6 本手順書において「治験依頼者」とは、製薬企業等、当院に対して「治験を依頼しようとする者」又は「治験を依頼した者」をいう。
7 本手順書において「治験責任医師」とは当院において治験に係る業務を統括する医師又は歯科医師をいう。
8 本手順書において「医師主導の治験」とは、自ら治験を実施する者による治験をいう。
9 本手順書において「治験薬提供者」とは、自ら治験を実施する者に対して治験薬を提供する者をいう。
10 医師主導の治験の場合、本手順書においては、治験の準備及び管理の業務を行う場合は、
「自ら治験を実施する者」と呼び、治験責任医師として治験を実施する場合は、「治験責任医師」と呼ぶこととする。また、同一の治験実施計画書に基づき複数の医療機関において共同で治験を実施する場合で、「治験調整医師」又は「治験調整委員会」等を置き、治験の準備及び管理に関する業務の一部を委嘱する場合にあっては、委嘱した業務に関して「自ら治験を実施する者」を「治験調整医師」又は「治験調整委員会」等に適宜読み替えるものとする。
第3条 病院長は、当院で治験を実施するにあたり、その業務を支援するスタッフをxxxx大学及び当院に配置する。スタッフは以下の人員で構成され、病院長が任命する。
(1)治験記録保存責任者
(2)治験薬管理者及び治験薬管理担当者
(3)治験事務局担当者
(4)臨床研究コーディネーター(CRC)
(5)その他必要な人員
第4条 病院長は、治験依頼者による治験の場合は治験責任医師及び治験依頼者に対し、別に定める期日までに治験依頼書に次の各号に掲げる書類を添付し、治験事務局に提出させるものとする。

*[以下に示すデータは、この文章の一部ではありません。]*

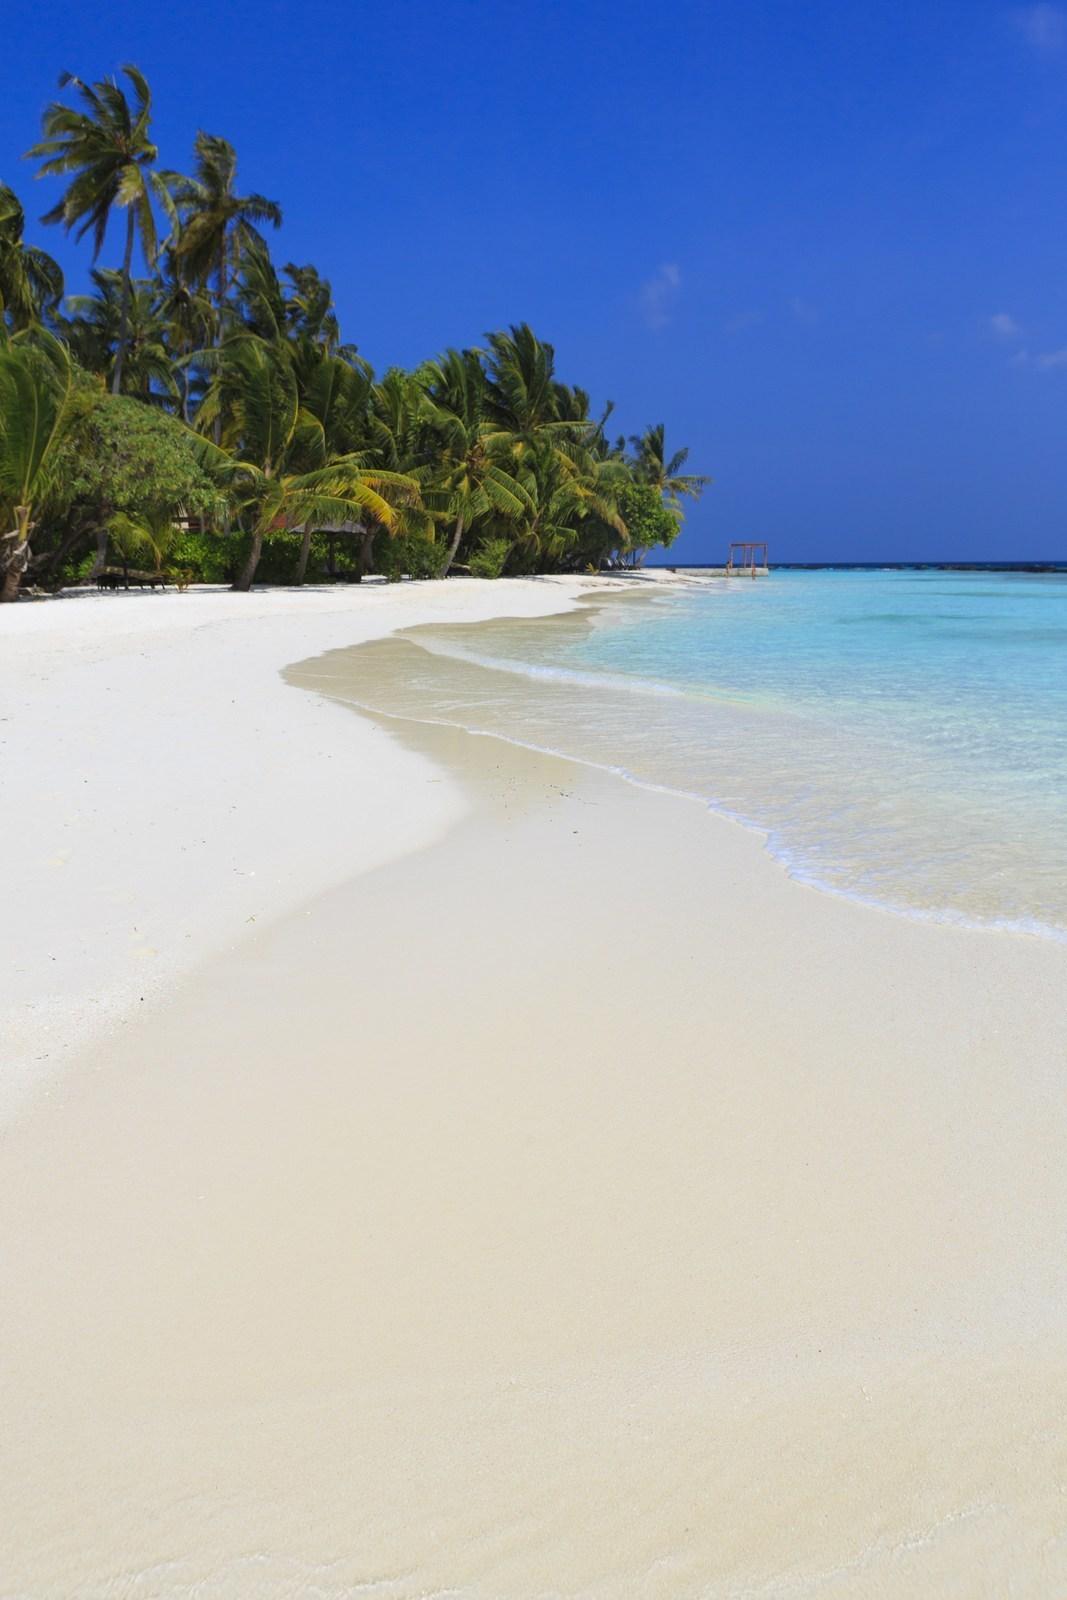 Мальдивы, отель Kurumba Maldives, пляж

(1)治験薬概要書及び治験使用薬(被験薬を除く)に係る科学的知見を記載した文書
(2)治験実施計画書(治験実施計画分冊において、当院以外の実施医療機関の特有な情報を改訂する場合を除く)
(3)症例報告書の見本(治験実施計画書において、症例報告書に記載すべき事項が十分に読み取れる場合は、当該治験実施計画書をもって症例報告書の見本に関する事項を含むものと解してよい)
(4)治験実施計画書・症例報告書への合意及び治験実施計画書を遵守することを示した文書
(写)
(5)患者説明文書(同意文書を含む)
(6)予定される治験費用に関する資料(治験経費算定書を含む)
(7)被験者の安全等に係わる報告
(8)被験者への支払い及び保険外併用療養費に関する資料
(9)被験者の健康被害に対する補償に関する資料(業務手順書を含む)
(10)被験者の募集手順に関する資料
(11)その他治験を適正に実施するために必要な情報を記載した文書
2 病院長は、医師主導の治験の場合は自ら治験を実施する者に対し、別に定める期日までに治験実施申請書に次の各号に掲げる書類を添付し、治験事務局に提出させるものとする。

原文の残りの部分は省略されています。